The research paper "What If We Recaption Billions of Web Images with LLaMA-3?" addresses the prevailing issue of noisy and misaligned image-text datasets obtained through web crawling. The authors fine-tune the LLaMA-3-8B powered LLaVA-1.5 model to recaption 1.3 billion images from the DataComp-1B dataset, producing a new dataset named Recap-DataComp-1B. Their empirical results demonstrate significant advancements in training vision-LLMs, including improvements in cross-modal retrieval tasks and text-to-image generation.

Introduction and Motivation

The acquisition of massive datasets through web crawling has driven significant progress in deep learning over the past decade, as evidenced by datasets like LAION-400M and LAION-5B. However, these datasets suffer from quality issues such as misalignment and lack of descriptive detail. Prior work has shown that enhancing the textual descriptions of image-text pairs can improve the training of vision-LLMs. Existing methods to achieve this, such as human-in-the-loop systems or other automated pipelines, often remain closed-source.
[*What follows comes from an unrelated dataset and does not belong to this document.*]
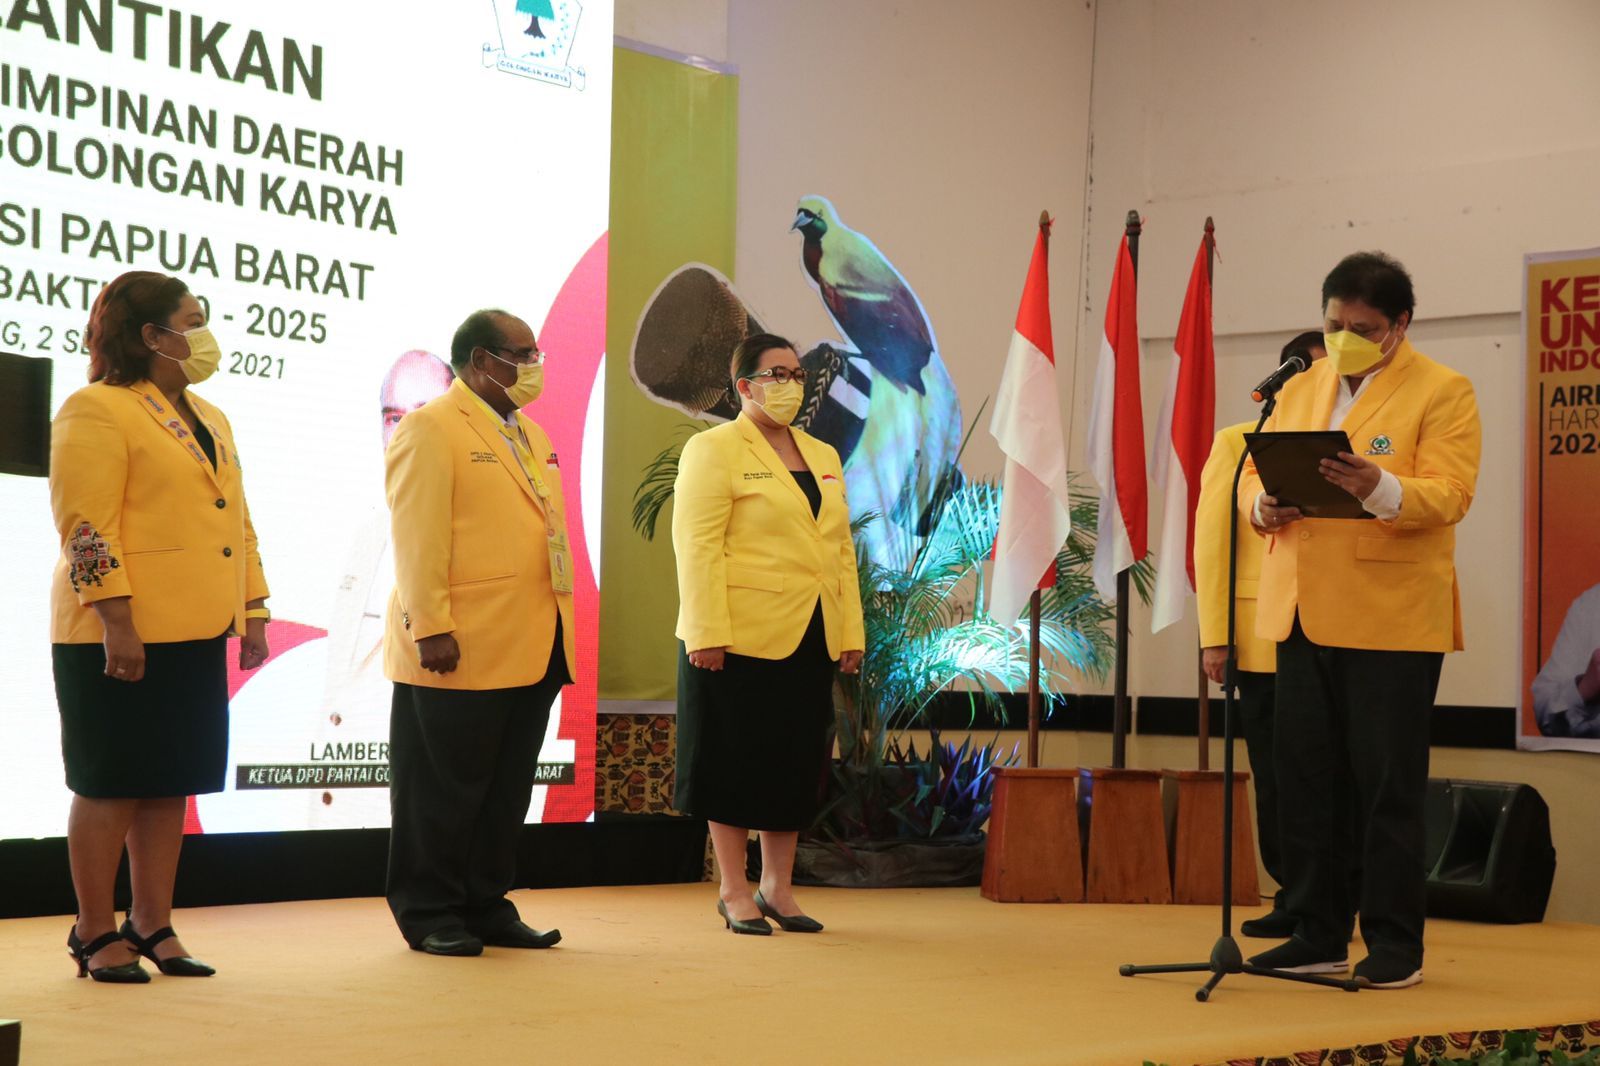 Ketua Umum DPP Partai Golkar Airlangga Hartarto, resmi melantik pengurus DPD Partai Golkar Papua Barat periode 2020-2025, di Vega Hotel Sorong, kamis 2 September 2021.

The paper aims to bridge this gap by leveraging the open-sourced LLaMA-3 model, which exhibits capabilities comparable to GPT-4. The authors fine-tune a LLaMA-3-8B model within the LLaVA framework, and use this to recaption the entire DataComp-1B dataset. This new dataset, Recap-DataComp-1B, is intended to enhance the training of advanced vision-LLMs.

Related Works

The paper of vision-language foundation models has been significantly advanced by models such as CLIP, which link images and text by training on large-scale datasets. However, one enduring challenge is the quality of web-crawled image-text data, which often suffers from poor alignment and brevity of textual descriptions. Solutions include data filtering and recaptioning, with the latter gaining traction due to its ability to enrich textual quality. Notable efforts in this direction include the use of LLMs like BLIP2 and frameworks like LLaVA.

Recaptioning Pipeline

The authors use an enhanced LLaMA-3-powered LLaVA model for their recaptioning pipeline. The model comprises a vision encoder and a language decoder, with an MLP layer projecting visual features into the language embedding space. The pipeline involves two training stages: the first trains only the projection MLP, while the second fine-tunes both the MLP and the language decoder. Quality enhancements are validated through multi-modal benchmarks like MMMU and MM-Vet, where the recaptioning model demonstrates superior visual understanding and reasoning.

Data Recaptioning

The authors apply their fine-tuned model to the DataComp-1B dataset, generating enhanced captions for 1.3 billion images. This effort yields Recap-DataComp-1B, which features more detailed and better-aligned textual descriptions compared to the original DataComp-1B dataset. A quantitative analysis reveals that the recaptioned data exhibits richer vocabulary and longer average sequence lengths, confirming its superior quality.

CLIP Performance

The enhanced dataset was used to train various scales of CLIP models, and substantial improvements were observed in cross-modal retrieval tasks. The paper found that training with a mixture of original and recaptioned data could optimize performance, with a 20-50% ratio of recaption data being particularly effective. Enlarging the text encoder further boosted performance across all model scales.

Text-to-Image Generation

The authors also investigated the performance of text-to-image generative models using Recap-DataComp-1B. Their evaluations showed that models trained on this dataset produced images with better alignment to user text instructions and higher visual quality. A larger model (DiT-L/2) exhibited improved text understanding and image generation, highlighting the scalability of Recap-DataComp-1B for generative tasks.

Conclusion

The paper effectively demonstrates that fine-tuning a LLaMA-3-powered LLaVA model to recaption large-scale image datasets like DataComp-1B can significantly improve the quality of the textual descriptions. The resultant dataset, Recap-DataComp-1B, offers substantial benefits for training advanced vision-LLMs, enhancing both cross-modal retrieval and text-to-image generation capabilities. The release of Recap-DataComp-1B is expected to stimulate further research and development in the open-source community, advancing the capabilities of vision-language foundation models.